Discussion Forums > Thalassemia Major
Splitting exjade
aam:
Hi andy,
I read in forums that splitting dose is a good idea and many have said its beneficial to decrease liver toxicity and controlling iron in a better way for same dose. I have a few questions on splitting the dose.
Will splitting the dose cause decrease in the peak concentration of exjade in blood? Will exjade still be effective when peak concentration is less? In other words, does exjade require minimum serum concentration in blood to be effective? Does splitting the dose mean 10 mg/dl for longer duration in blood[24hr] is equally effective as 20mg/dl for 12 hr?
Thanks,
Can you advice on this concentration and effectiveness issue?
Pratik:
All the people over here at Thalpal, who used split dosage has noticed nothing but positive results, including me.
So yes, do it without doubt and you shall yourself notice the difference.
-P.
Andy Battaglia:
Exjade has a half life of 8-16 hours.

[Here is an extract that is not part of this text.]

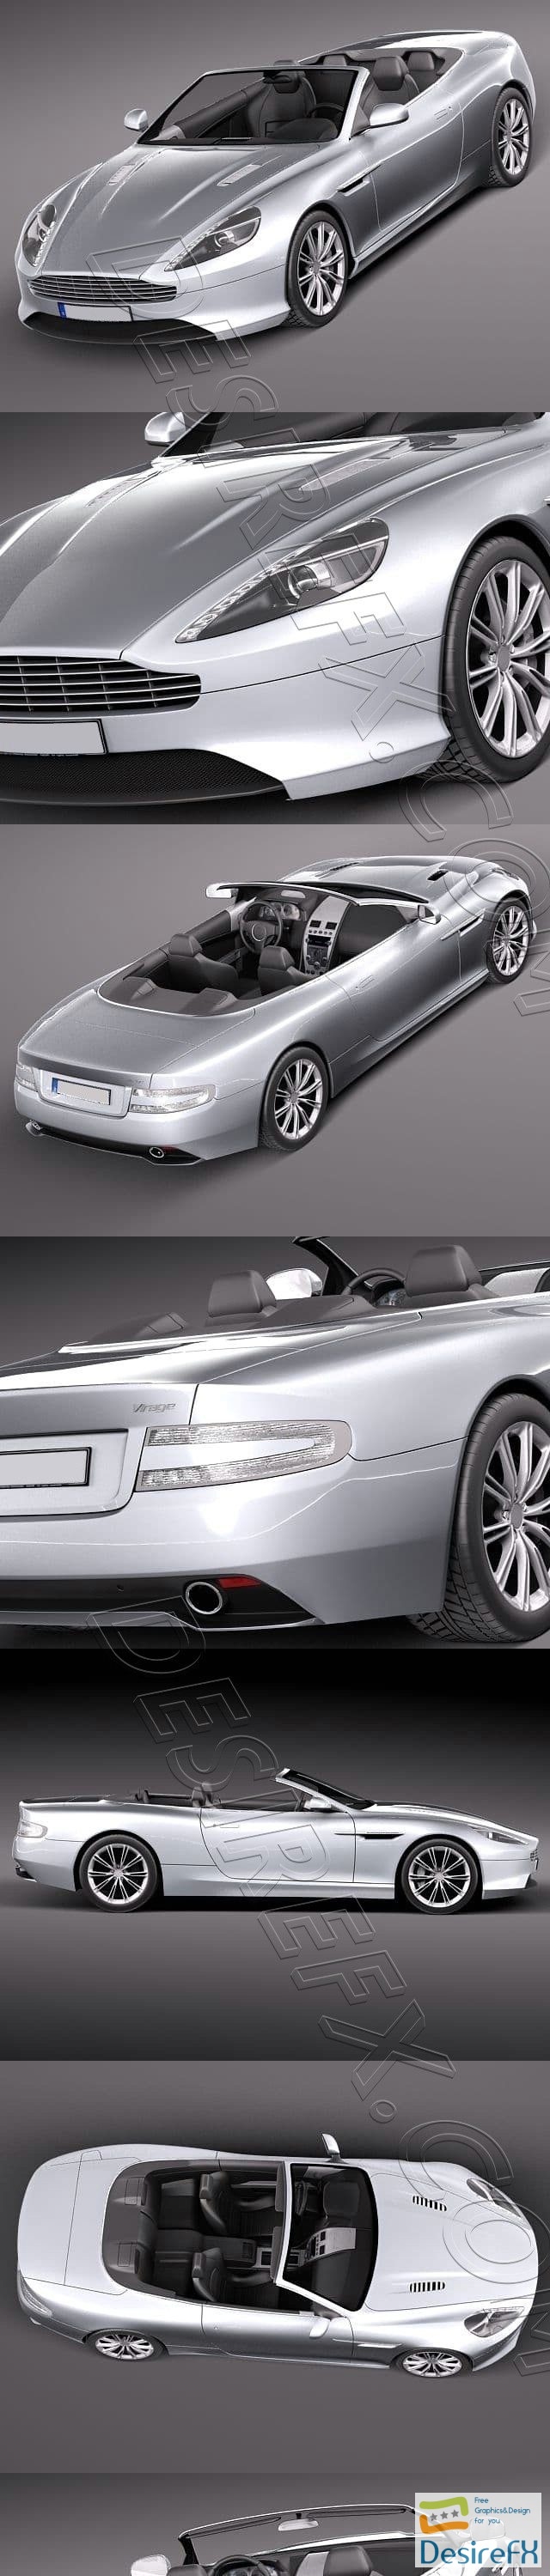 Aston Martin Virage Volante 2012 3D Model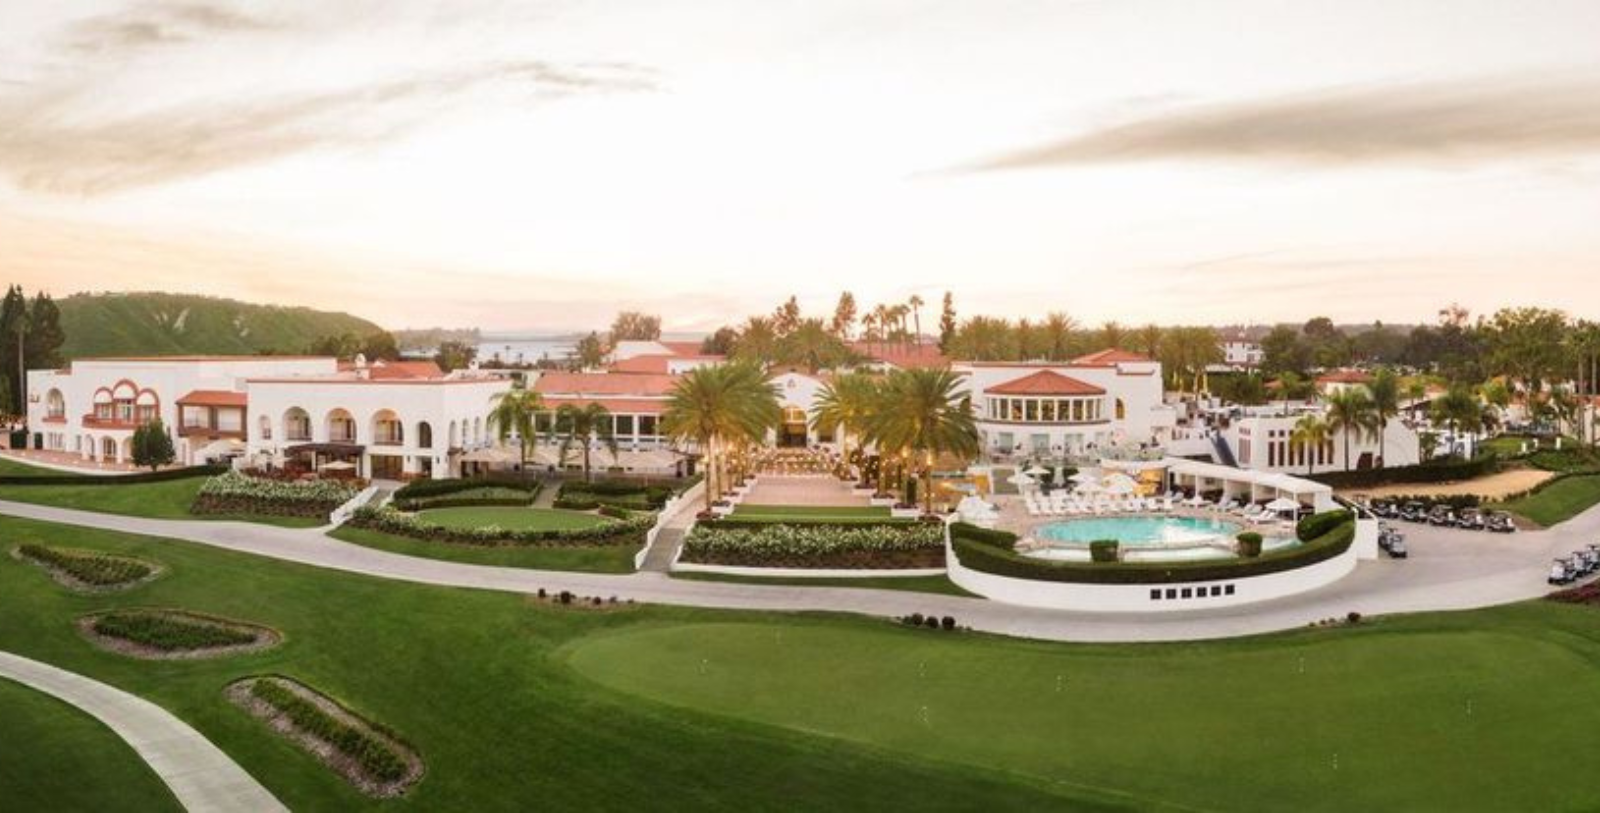 Image of Hotel Exterior & Outdoor Pool, Omni La Costa Resort, Carlsbad, California, 1965, Member of Historic Hotels of America, Overview

Peak concentration occurs 1.5 to 4 hours after taking the drug. What this tells us is that during the second part of that 8 hours, the concentration is dropping. By splitting the dose, you can cover a 24 hour period with chelation. This is not possible with once per day. The goal expressed by most top thal doctors is chelation 24/7. This can be accomplished with Ferriprox, but can only happen with a split dose of Exjade. For desferal, you need to be chelating around the clock to get 24/7 coverage. The total Exjade in the body will not be as high at any one time with the split dose as it gets with once daily, but this is preferable for many patients, as the side effects are also reduced. Generally, we are hearing better results from liver and kidney monitoring, and patients are finding Exjade works much better when the chelation is 24/7. This coincides with observations about desferal. The same 2 gram dose of desferal taken over a 18 hour period will chelate more iron than when taken over a 12 hour period. Since red blood cells break down constantly, releasing their iron into the blood, we should also be striving for 24/7 chelation, so there are never periods when a chelator isn't active in the body. I feel that patients can also help themselves by taking chelating substances like IP6 and green tea extract, as these substances can reach areas that most chelators have much difficulty reaching. The recent reports on Sharmin's son have further backed up the use of antioxidant chelating supplements. I don't think you will find many 12 year old thal majors whose hormone levels and pituitary gland are perfectly normal. Her son's are. This backs up both the use of chelation 24/7 and also the use of these antioxidants. IP6 can clean iron out anywhere in the body. I believe supplementing should become a routine for thals.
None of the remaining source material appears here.